▸ **PROVIDED MATERIAL**:
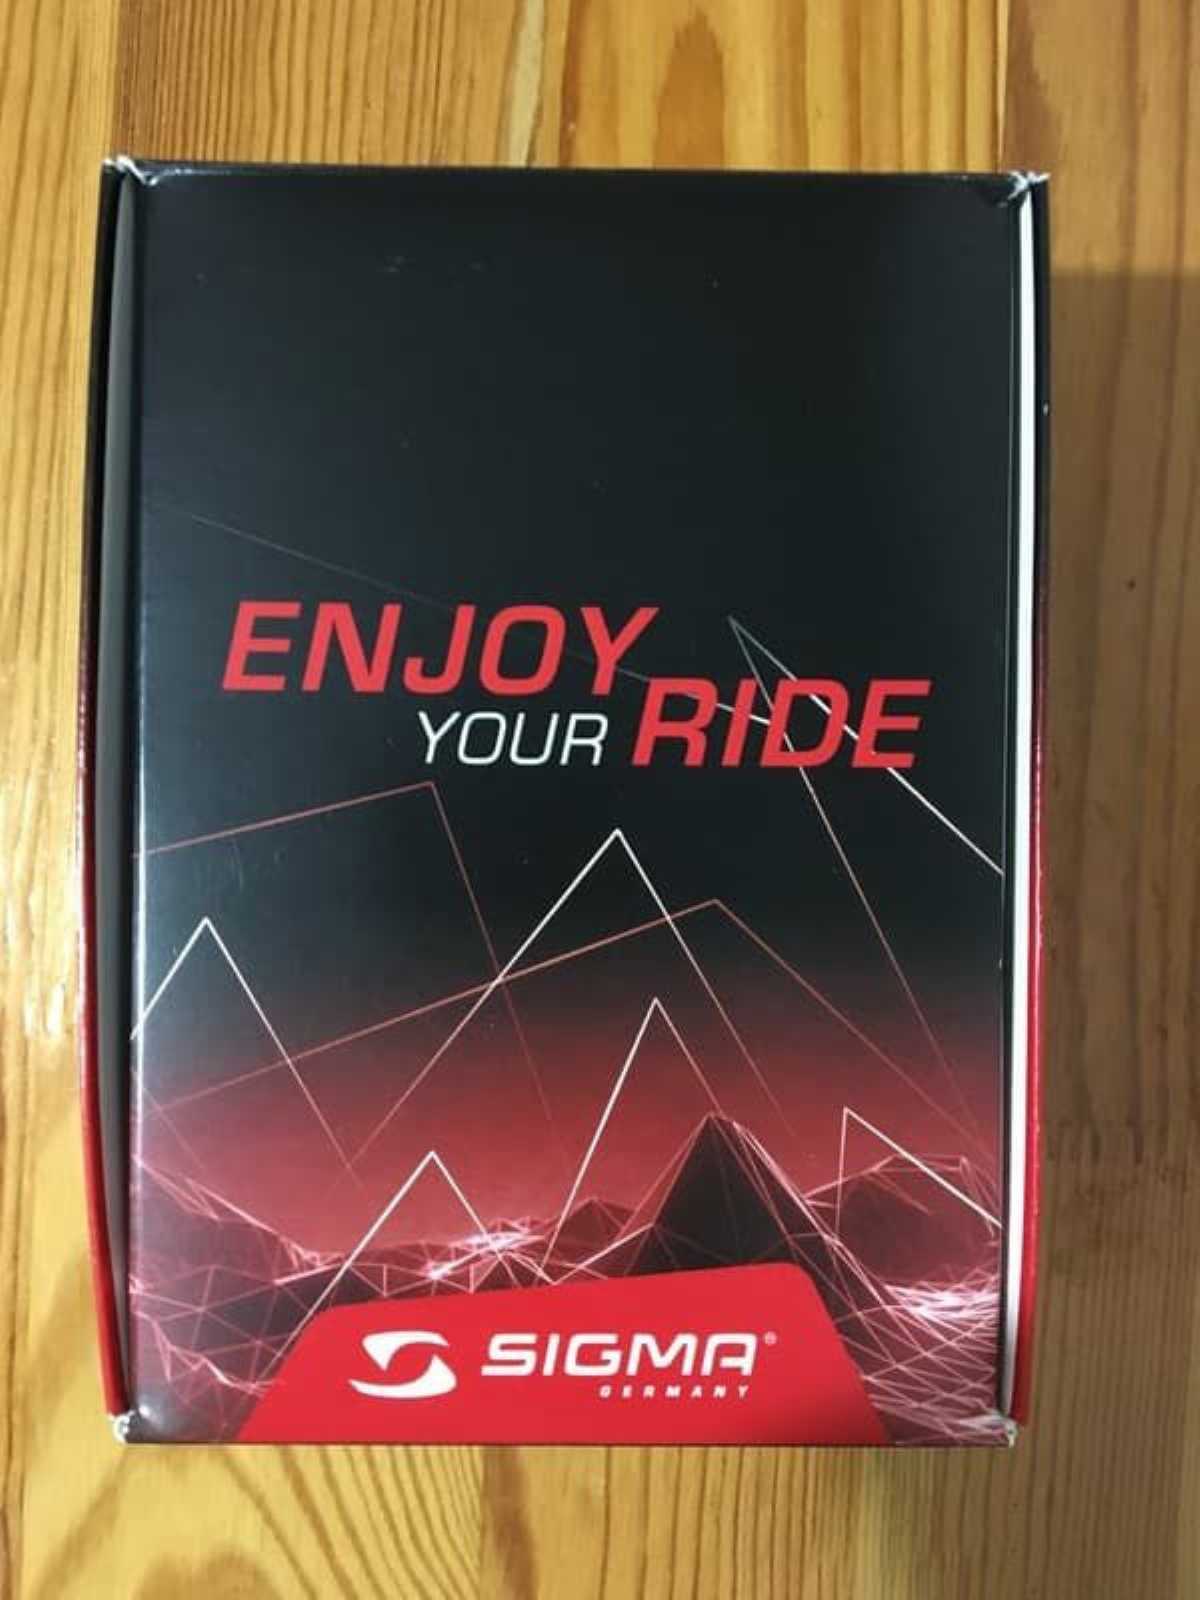 Sigma GPS Rox 11
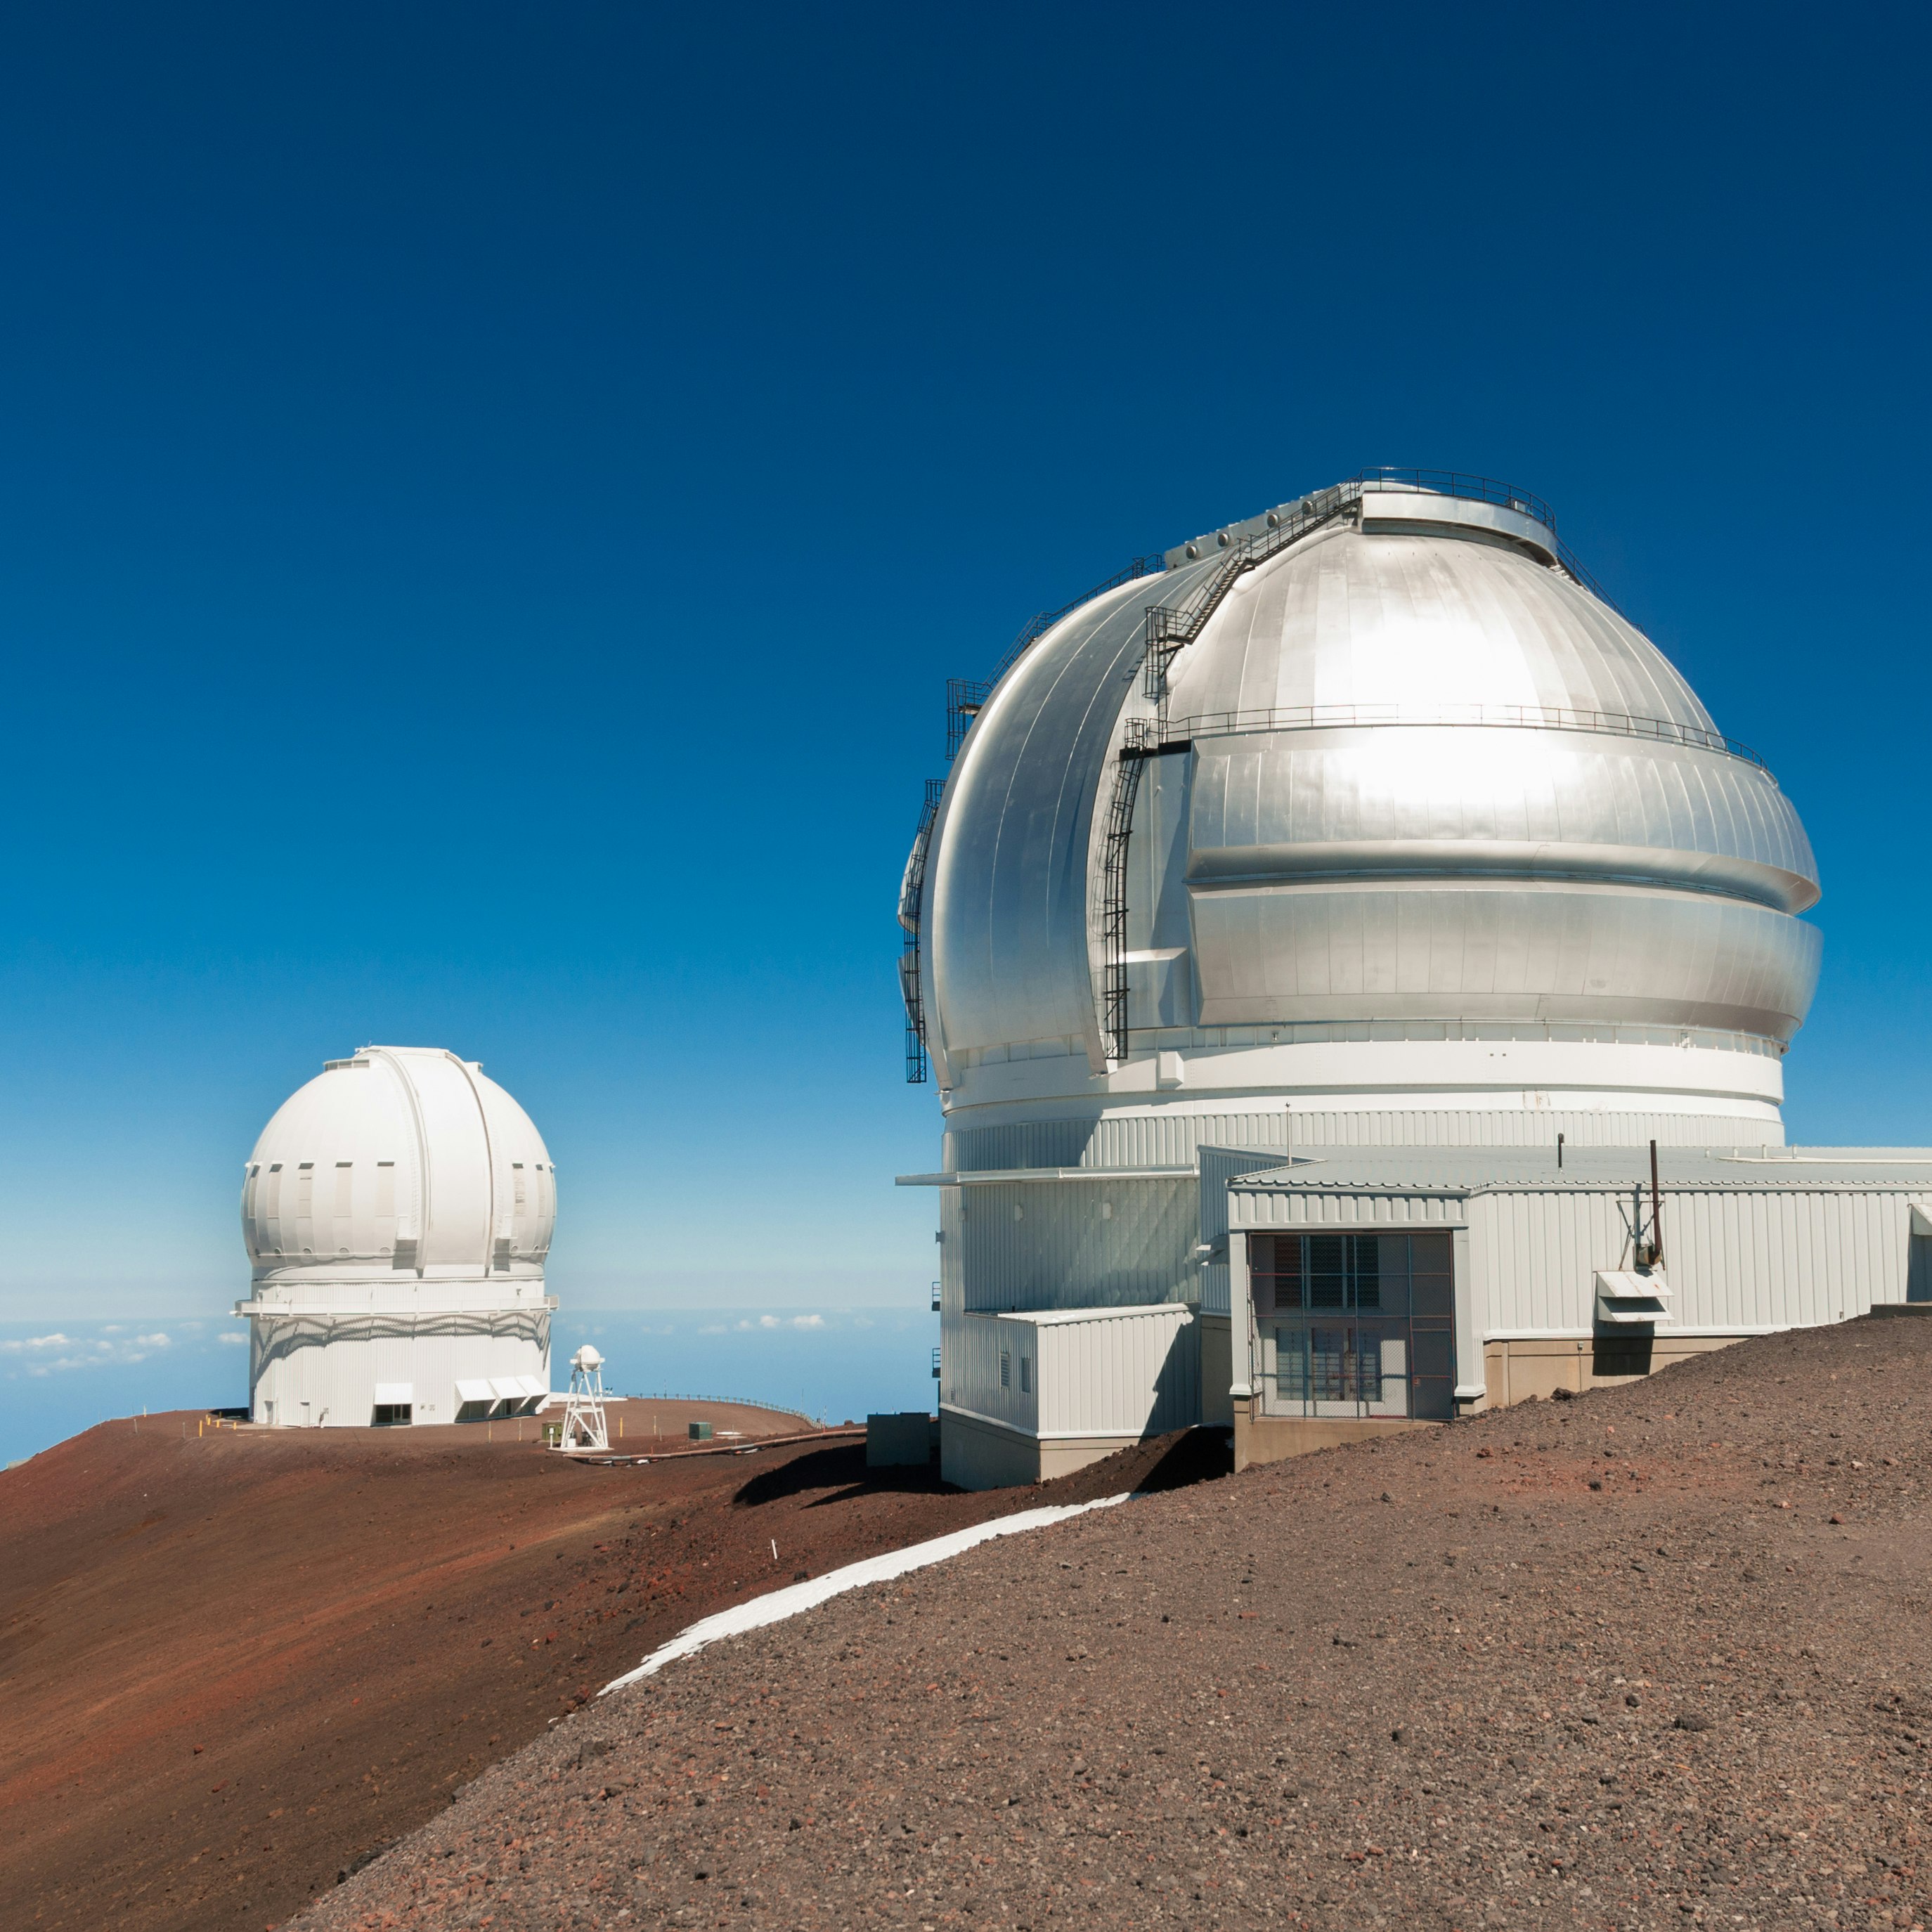 Gemini North Observatory on top of Mauna Kea mountain peak on Big Island of Hawaii, United States with deep blue sky and volcanic landscape.
1327459248

▸ **INSTRUCTIONS FOR THE TASK**:
Print, exactly and only, the lines running from the line with "Gemini North Observatory" through the last line of the data, including both. Skip any picture.

▸ **SOLUTION**:
 Gemini North Observatory on top of Mauna Kea mountain peak on Big Island of Hawaii, United States with deep blue sky and volcanic landscape.
1327459248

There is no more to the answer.